Please restate the material below word for word, from the first line through the one that contains "shoes Reebok women", inclusive.
**** DATA LISTING ****
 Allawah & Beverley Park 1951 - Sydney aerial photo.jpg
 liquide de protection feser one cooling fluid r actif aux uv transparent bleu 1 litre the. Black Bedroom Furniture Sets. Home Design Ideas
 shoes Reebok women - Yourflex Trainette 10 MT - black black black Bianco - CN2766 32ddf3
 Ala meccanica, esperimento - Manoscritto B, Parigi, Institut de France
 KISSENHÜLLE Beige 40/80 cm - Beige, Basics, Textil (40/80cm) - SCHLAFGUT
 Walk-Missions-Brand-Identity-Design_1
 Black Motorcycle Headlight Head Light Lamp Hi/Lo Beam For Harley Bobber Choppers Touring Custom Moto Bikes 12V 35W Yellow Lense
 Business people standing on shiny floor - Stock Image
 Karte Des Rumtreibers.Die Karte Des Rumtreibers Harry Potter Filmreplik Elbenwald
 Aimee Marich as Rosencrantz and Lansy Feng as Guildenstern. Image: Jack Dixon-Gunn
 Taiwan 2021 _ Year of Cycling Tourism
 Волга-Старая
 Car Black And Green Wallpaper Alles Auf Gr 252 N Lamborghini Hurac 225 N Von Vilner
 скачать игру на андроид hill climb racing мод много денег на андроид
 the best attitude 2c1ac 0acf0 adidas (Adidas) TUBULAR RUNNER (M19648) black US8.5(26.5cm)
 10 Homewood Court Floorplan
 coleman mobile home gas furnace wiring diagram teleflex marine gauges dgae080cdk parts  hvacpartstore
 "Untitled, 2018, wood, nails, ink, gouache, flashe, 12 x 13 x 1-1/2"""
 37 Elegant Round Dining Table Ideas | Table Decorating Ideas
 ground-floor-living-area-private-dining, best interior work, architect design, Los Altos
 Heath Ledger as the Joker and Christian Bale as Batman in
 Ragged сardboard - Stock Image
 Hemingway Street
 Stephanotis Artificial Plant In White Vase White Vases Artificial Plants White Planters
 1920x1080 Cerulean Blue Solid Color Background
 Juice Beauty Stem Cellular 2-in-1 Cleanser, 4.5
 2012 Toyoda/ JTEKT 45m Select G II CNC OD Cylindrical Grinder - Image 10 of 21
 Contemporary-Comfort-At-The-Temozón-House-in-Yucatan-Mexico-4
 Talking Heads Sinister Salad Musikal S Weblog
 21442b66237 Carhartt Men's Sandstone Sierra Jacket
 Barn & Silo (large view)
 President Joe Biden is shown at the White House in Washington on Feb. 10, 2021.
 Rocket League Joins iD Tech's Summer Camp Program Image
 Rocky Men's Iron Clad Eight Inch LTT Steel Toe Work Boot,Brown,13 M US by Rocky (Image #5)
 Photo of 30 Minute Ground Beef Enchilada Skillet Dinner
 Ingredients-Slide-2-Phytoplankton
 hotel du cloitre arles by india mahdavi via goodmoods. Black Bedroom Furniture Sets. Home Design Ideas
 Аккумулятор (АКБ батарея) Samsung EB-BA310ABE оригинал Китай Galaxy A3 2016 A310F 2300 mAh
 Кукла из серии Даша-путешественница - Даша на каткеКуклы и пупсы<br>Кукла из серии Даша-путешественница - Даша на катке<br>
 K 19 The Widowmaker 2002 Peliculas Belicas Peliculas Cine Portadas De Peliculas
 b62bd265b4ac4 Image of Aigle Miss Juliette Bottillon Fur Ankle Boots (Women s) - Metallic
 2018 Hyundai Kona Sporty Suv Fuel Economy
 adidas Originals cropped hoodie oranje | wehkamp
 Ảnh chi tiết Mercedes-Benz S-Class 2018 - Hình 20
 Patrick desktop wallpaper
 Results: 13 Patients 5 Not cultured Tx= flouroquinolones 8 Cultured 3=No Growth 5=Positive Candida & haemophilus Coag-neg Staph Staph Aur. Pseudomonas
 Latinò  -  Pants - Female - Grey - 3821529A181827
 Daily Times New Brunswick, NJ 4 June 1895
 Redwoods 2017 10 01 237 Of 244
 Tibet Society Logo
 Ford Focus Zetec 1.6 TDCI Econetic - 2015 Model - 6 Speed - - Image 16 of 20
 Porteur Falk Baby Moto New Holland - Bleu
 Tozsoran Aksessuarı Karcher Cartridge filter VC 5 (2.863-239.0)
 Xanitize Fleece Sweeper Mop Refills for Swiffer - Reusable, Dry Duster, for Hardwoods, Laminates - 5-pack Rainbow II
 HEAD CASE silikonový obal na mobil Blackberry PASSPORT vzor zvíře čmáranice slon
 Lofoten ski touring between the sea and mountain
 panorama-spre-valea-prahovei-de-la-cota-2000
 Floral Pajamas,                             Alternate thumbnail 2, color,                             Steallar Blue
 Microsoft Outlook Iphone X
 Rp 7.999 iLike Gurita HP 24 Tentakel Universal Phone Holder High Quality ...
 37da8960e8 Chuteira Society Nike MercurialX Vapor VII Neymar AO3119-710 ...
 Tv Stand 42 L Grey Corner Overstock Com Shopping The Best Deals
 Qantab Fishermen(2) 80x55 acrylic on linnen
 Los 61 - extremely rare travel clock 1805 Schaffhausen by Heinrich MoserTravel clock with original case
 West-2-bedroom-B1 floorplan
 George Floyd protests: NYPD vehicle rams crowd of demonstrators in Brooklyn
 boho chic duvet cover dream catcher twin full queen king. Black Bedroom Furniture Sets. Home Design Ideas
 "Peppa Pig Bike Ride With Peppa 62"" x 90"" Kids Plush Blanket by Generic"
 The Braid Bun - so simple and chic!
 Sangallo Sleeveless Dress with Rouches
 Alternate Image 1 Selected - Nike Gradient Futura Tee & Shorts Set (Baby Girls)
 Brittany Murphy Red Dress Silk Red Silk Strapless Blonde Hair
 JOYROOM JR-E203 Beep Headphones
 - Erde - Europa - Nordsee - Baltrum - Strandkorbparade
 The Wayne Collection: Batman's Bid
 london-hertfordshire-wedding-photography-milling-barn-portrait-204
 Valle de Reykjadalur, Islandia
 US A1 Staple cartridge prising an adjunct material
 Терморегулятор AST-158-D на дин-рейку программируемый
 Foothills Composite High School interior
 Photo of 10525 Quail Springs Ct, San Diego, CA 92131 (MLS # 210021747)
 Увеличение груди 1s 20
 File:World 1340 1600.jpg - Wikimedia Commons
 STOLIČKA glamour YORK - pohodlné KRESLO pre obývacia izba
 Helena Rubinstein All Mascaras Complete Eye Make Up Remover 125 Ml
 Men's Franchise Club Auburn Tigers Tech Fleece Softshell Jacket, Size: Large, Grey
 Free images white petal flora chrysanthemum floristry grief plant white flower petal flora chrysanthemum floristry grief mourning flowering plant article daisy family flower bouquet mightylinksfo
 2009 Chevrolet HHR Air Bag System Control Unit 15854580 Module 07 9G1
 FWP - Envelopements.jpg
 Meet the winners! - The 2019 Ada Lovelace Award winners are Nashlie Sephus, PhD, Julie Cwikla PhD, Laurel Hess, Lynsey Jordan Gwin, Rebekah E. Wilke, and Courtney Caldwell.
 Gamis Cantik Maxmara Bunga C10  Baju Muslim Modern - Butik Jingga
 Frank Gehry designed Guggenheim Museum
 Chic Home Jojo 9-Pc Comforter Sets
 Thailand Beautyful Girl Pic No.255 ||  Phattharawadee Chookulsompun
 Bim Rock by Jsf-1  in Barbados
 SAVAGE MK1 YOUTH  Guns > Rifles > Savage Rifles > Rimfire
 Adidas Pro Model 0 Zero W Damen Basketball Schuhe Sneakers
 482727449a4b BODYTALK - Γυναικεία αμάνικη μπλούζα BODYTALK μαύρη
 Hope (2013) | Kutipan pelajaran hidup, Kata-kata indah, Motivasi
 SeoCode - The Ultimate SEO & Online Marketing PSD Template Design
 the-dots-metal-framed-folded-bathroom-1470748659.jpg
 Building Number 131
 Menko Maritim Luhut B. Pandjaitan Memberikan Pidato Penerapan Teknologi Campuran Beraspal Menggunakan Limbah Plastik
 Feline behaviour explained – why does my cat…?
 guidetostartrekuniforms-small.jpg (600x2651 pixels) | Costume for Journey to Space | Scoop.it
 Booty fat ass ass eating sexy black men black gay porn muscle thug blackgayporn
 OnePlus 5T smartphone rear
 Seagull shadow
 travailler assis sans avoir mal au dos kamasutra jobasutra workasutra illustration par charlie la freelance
****
*RESPONSE TO THE EXERCISE*:
 Allawah & Beverley Park 1951 - Sydney aerial photo.jpg
 liquide de protection feser one cooling fluid r actif aux uv transparent bleu 1 litre the. Black Bedroom Furniture Sets. Home Design Ideas
 shoes Reebok women - Yourflex Trainette 10 MT - black black black Bianco - CN2766 32ddf3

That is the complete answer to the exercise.